(SOURCE MATERIAL begins)

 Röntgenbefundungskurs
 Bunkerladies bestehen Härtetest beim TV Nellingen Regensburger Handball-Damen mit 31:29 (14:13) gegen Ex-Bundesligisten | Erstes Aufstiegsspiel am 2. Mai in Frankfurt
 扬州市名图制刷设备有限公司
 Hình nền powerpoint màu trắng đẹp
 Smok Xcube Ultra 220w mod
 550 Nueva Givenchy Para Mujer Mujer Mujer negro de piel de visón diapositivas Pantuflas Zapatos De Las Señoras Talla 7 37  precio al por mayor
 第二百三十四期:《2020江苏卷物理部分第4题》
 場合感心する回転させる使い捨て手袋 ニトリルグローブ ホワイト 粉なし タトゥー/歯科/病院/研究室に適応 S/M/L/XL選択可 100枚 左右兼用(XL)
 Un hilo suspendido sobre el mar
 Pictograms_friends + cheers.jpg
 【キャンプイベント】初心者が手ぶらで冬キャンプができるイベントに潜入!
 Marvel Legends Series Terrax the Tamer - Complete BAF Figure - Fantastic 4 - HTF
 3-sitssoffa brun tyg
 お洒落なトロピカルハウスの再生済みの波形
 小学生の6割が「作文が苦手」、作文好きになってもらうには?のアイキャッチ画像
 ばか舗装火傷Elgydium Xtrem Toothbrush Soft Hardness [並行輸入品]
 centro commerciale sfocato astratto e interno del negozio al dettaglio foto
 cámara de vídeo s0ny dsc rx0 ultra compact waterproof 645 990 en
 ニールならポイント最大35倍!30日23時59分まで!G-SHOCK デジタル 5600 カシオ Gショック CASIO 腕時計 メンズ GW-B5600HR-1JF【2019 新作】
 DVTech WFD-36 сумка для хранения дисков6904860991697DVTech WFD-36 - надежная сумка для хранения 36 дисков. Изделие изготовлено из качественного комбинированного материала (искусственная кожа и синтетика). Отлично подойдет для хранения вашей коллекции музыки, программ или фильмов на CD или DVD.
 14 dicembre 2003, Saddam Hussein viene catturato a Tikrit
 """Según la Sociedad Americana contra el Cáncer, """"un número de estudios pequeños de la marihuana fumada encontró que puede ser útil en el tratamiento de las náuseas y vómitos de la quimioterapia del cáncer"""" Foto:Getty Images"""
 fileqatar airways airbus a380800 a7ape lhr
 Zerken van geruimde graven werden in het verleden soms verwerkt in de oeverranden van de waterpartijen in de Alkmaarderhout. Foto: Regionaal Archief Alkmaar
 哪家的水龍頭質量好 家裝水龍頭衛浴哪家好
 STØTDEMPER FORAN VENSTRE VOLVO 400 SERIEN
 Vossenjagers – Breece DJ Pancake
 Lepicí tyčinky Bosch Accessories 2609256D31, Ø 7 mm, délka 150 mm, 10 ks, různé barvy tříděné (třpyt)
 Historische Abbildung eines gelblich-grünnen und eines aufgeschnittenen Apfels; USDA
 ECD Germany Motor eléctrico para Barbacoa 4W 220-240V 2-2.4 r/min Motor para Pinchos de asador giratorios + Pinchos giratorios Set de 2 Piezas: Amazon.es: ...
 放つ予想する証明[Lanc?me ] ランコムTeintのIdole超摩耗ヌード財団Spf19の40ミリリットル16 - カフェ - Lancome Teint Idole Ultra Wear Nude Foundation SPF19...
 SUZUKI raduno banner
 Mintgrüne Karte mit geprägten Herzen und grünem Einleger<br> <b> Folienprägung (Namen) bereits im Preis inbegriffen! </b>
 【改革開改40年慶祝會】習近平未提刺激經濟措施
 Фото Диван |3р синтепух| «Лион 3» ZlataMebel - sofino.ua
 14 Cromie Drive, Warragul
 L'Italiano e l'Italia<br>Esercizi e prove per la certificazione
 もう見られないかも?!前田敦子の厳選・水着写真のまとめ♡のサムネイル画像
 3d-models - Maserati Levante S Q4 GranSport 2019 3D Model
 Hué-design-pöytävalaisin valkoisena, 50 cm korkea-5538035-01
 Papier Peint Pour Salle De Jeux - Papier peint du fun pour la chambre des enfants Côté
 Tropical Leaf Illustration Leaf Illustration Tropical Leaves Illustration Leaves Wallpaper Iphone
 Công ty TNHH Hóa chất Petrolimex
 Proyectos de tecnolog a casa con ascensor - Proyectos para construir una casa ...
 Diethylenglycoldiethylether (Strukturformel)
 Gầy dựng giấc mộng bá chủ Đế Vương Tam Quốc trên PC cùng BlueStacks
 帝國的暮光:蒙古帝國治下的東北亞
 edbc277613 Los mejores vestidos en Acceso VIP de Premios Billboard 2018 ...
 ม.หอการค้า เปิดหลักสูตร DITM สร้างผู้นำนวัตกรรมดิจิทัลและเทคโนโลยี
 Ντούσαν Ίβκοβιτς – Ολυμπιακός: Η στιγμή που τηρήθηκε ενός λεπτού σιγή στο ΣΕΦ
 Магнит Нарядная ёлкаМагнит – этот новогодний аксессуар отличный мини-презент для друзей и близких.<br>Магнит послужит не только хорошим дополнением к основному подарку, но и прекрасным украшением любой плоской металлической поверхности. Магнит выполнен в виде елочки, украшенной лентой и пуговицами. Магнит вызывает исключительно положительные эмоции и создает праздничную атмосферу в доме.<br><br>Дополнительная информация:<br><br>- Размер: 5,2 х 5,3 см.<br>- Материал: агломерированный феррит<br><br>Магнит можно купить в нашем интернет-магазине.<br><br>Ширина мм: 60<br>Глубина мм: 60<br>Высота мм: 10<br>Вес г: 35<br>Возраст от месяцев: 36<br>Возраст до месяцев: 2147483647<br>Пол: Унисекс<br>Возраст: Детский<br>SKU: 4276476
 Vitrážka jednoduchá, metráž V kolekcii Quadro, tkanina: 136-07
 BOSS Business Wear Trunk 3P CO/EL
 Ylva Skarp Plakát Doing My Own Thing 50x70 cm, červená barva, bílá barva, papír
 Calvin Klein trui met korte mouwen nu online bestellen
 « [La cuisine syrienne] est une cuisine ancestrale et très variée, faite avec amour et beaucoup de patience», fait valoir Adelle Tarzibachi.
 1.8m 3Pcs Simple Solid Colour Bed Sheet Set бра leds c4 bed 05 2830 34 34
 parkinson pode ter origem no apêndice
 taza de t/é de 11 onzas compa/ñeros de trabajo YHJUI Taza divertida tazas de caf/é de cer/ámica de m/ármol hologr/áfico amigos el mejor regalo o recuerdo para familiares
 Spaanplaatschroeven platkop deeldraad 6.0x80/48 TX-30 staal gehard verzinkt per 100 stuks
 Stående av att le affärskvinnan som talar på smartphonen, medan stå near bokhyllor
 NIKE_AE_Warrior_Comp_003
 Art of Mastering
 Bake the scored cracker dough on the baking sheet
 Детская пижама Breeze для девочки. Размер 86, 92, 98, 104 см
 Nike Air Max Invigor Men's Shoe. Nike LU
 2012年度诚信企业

(SOURCE MATERIAL ends)

▶ TASK STATEMENT: Write out every line in the data that holds the string "Wear".

▶ ANSWER TO THE PROBLEM:
 放つ予想する証明[Lanc?me ] ランコムTeintのIdole超摩耗ヌード財団Spf19の40ミリリットル16 - カフェ - Lancome Teint Idole Ultra Wear Nude Foundation SPF19...
 BOSS Business Wear Trunk 3P CO/EL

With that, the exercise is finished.